The 'ice-cream man from hell' in one of his Porsches.
 When his dad turned over the company to him, George channeled his competitive instincts into the business and, over the next 30 years Barber Dairies’ annual turnover reached $300 million. With no time to race, he started to acquire a few collectible cars.

Funny story about how the collection took shape: Barber had a fleet of delivery trucks for the dairy business, and a garage where the company maintained them. One of the garage employees, a guy named Dave Hooper, was due to retire. Barber worried that Hooper was the type who, without anything to do, would just wither and die, so he asked Hooper to restore a couple of cars.

It turned out that experience beating delivery trucks back into shape wasn’t that transferable to aluminum race-car bodies, and those first restorations didn’t go too well. It was Hooper who suggested that they try restoring a couple of motorcycles, and George went out and bought a 1953 Victoria Bergmeister and a ’59 Panther for his pensioner to work on.

At the museum, when they tell this story they emphasize that, at that point, George had a minor epiphany. He’d always worked on his own race-cars, and he fell in love with the way the bikes’ working bits were not concealed behind bodywork; he could see the suspensions, frames and motors. Talking to him, I could tell that was true for what it was worth, but something else also came out: that old competitive streak.

Even with his substantial resources, by the late '80s, the price of desirable collector cars meant that George would never have the world’s best car collection.

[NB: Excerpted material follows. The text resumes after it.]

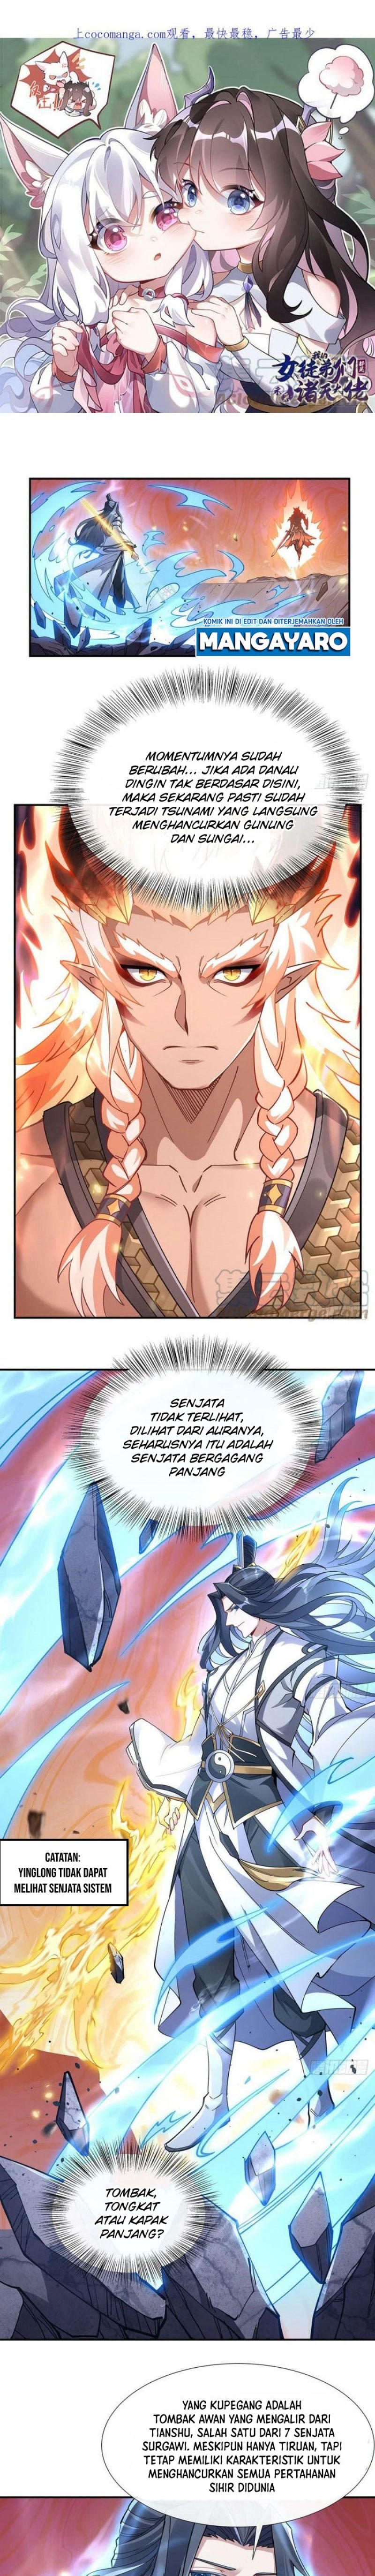 Dilarang COPAS - situs resmi www.mangacanblog.com - Komik my female apprentices are all big shots from the future 141 - chapter 141 142 Indonesia my female apprentices are all big shots from the future 141 - chapter 141 Terbaru 3|Baca Manga Komik Indonesia|Mangacan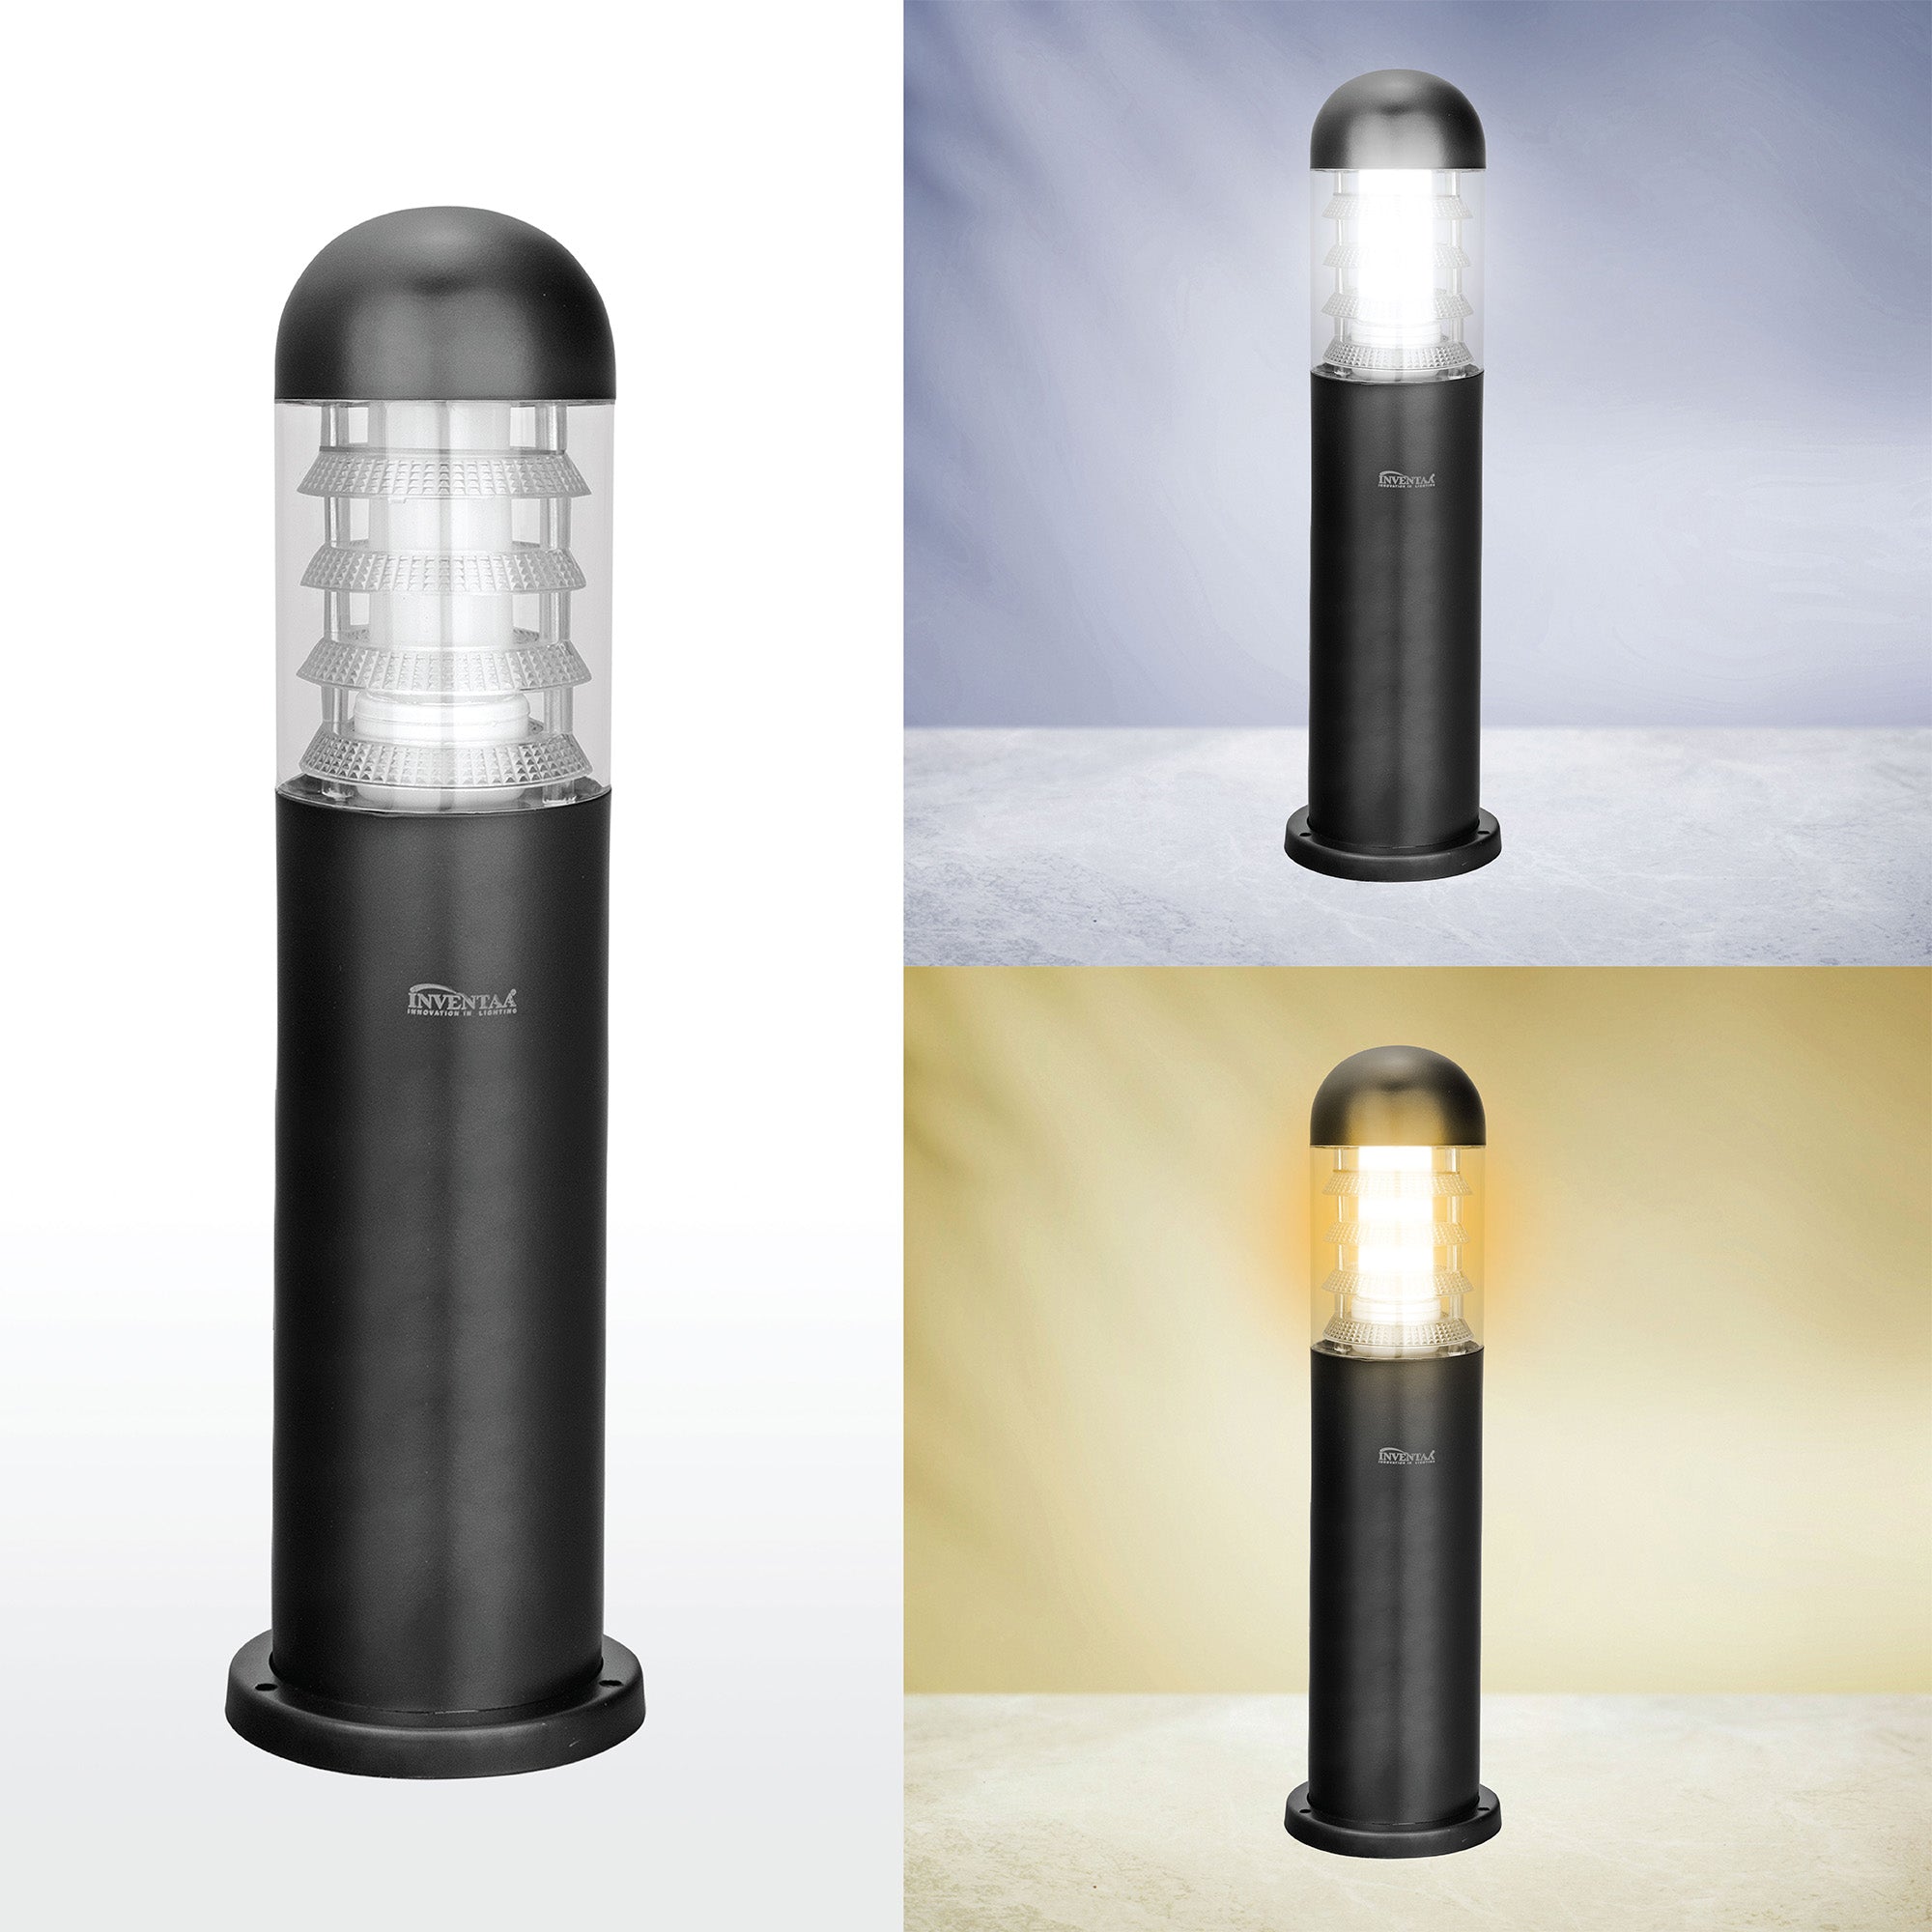 Cool and warm white comparison of Electra 2 feet led garden bollard light #size_2 feet

He couldn’t even afford to assemble the world’s best Lotus collection; that was billionaire territory, and he only had, oh, hundreds of millions.

“But I realized,” he admitted to me, “that I could have the world’s best motorcycle collection.” He sold off his cars, and set out to do just that, and as quickly as possible.

He bought a warehouse near the dairy. In a year or two, all the floor space was filled and Barber built 20-foot racks to store them several bikes high. Although it was nominally open to the public, the collection was in pretty sketchy neighborhood and few people visited; it was one of American motorcycling’s best-kept secrets. I had friends who sought it out, and came back awe-struck. He was collecting and displaying motorcycles on shelves, the way other people displayed toy bikes. Around the world, collectors and curators grumbled about an upstart American – ice cream man from hell, indeed, who’d upset the collecting apple-cart. He was accused of single-handedly inflating the market for vintage bikes. 
Barber, more recently, with an ex-Surtees MV. He did have enough money to acquire the world's very best motorcycles...
Rival curators just didn’t get it; it was a competition and George was winning. The rest of it was only money. In 1998, Barber sold his company. That meant he had even more cash to spend on bikes, but that he had to move his collection out of the old warehouse, which went with the business. That’s when he bought an abandoned gravel pit on the outskirts of town, and decided to build the best motorcycle museum in the world, to house the best collection. If there was a downside, it’s that with the collection’s small staff fully occupied, he withdrew from AHRMA racing; for years his rivalry with Rob Iannucci’s Team Obsolete had defined AHRMA’s premier classes.

When his park – trust me, it doesn’t look like a quarry any more – and his track, and his museum were finished and his collection was installed, he gave it all to the city of Birmingham. Talk about your gracious southern gentleman, eh? George Barber maintains an office at the museum, but he doesn’t spend too much time there. He’s the kind of guy who’s always looking to the next challenge, and he’s busy with other things. The last time I talked to him he was preoccupied with some big real estate development projects. That’s the competitor coming out, again. After you win, you celebrate one night, and then focus on the next race.

If you haven't been, you owe it to yourself.